Here is an example that is currently on E-Bay.  I would not ever buy this.  Check out the relatively high maintance fees per low number of points given.  Watch out for your maintance fees per thousand.


----------



## puppymommo (Jul 8, 2011)

Heyseuss said:


> Is it possible to buy less points at another resort, and combine them (with relative ease)?



Yes multiple contracts can be combined into one Wyndham account and the points can be used together.  The only time they would not be able to be combined is with ARP (Advanced Reservation Priority) which gives you priority in reservations at your home resort from 13-10 months in advance.  At 10 months, everyone within Wyndham has the same priority.

Welcome to Wyndham!


----------



## am1 (Jul 9, 2011)

Sometimes you can be better of from another owner.  

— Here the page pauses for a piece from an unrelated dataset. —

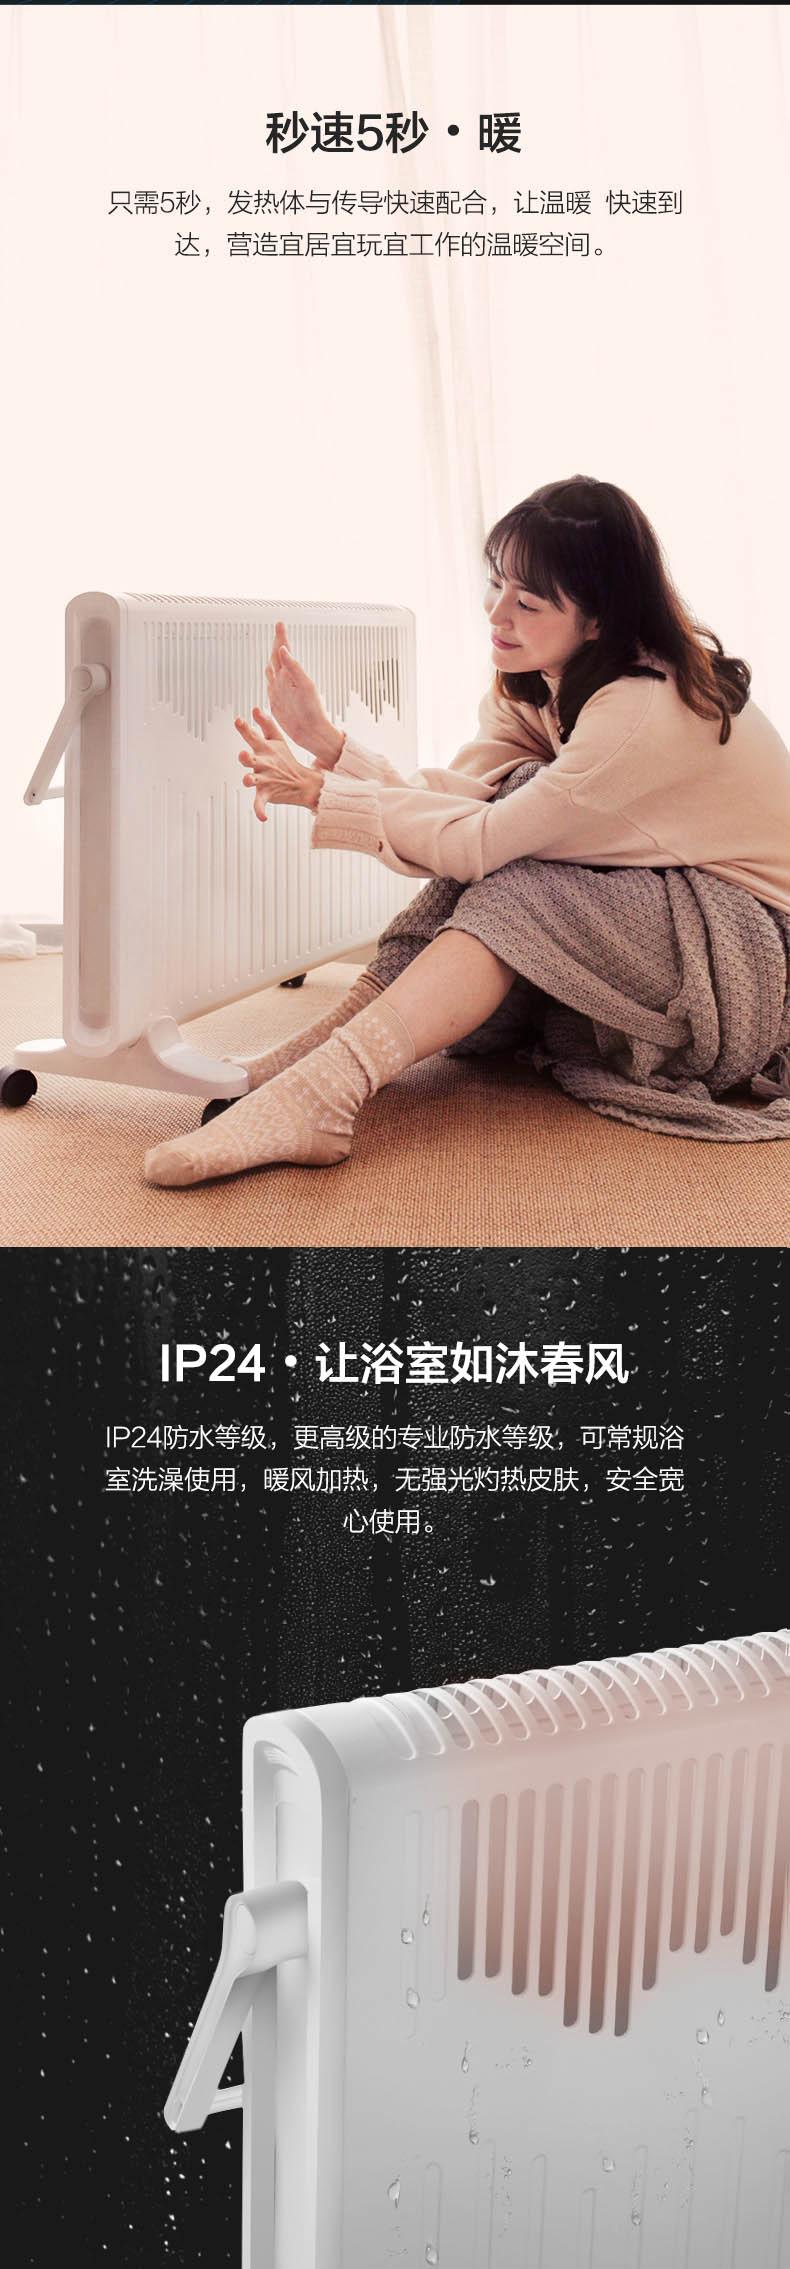 HC22169-W详情页_04.jpg

Received this e-mail from the resort yesterday.  

Ocean Front Units

Ocean Front rooms are reserved for Gold and Platinum owners ONLY. If you are not a Gold or Platinum owner you will NOT get and Ocean Front room unless you have reserved a 3 bedroom or 4 bedroom units as all of those are Ocean Front. If you are a Gold or Platinum owner you MAY receive and Ocean Front unit based on availability.

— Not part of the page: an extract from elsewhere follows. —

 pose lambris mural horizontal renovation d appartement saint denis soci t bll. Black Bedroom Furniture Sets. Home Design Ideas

We work to accommodate all reservation requests, however room views are not guaranteed, unless you are a Gold or Platinum Member who has secured a “DO NOT MOVE” flag on your reservation at time of booking.  Upgrades are not available at the site level.   If you want to inquire about an upgrade, please contact the appropriate reservations center prior to arrival.


----------



## chapjim (Jul 31, 2011)

am1 said:


> Sometimes you can be better of from another owner.
> 
> Received this e-mail from the resort yesterday.
> 
> ...



Let me offer a clarification to the policy in the last paragraph.  Guests get no guarantees of anything, no matter the owner's status or what he did when he made the reservation.  I have rented weeks where I had specific unit ocean front unit numbers when I made the reservation and my guest ended up with a city view.


----------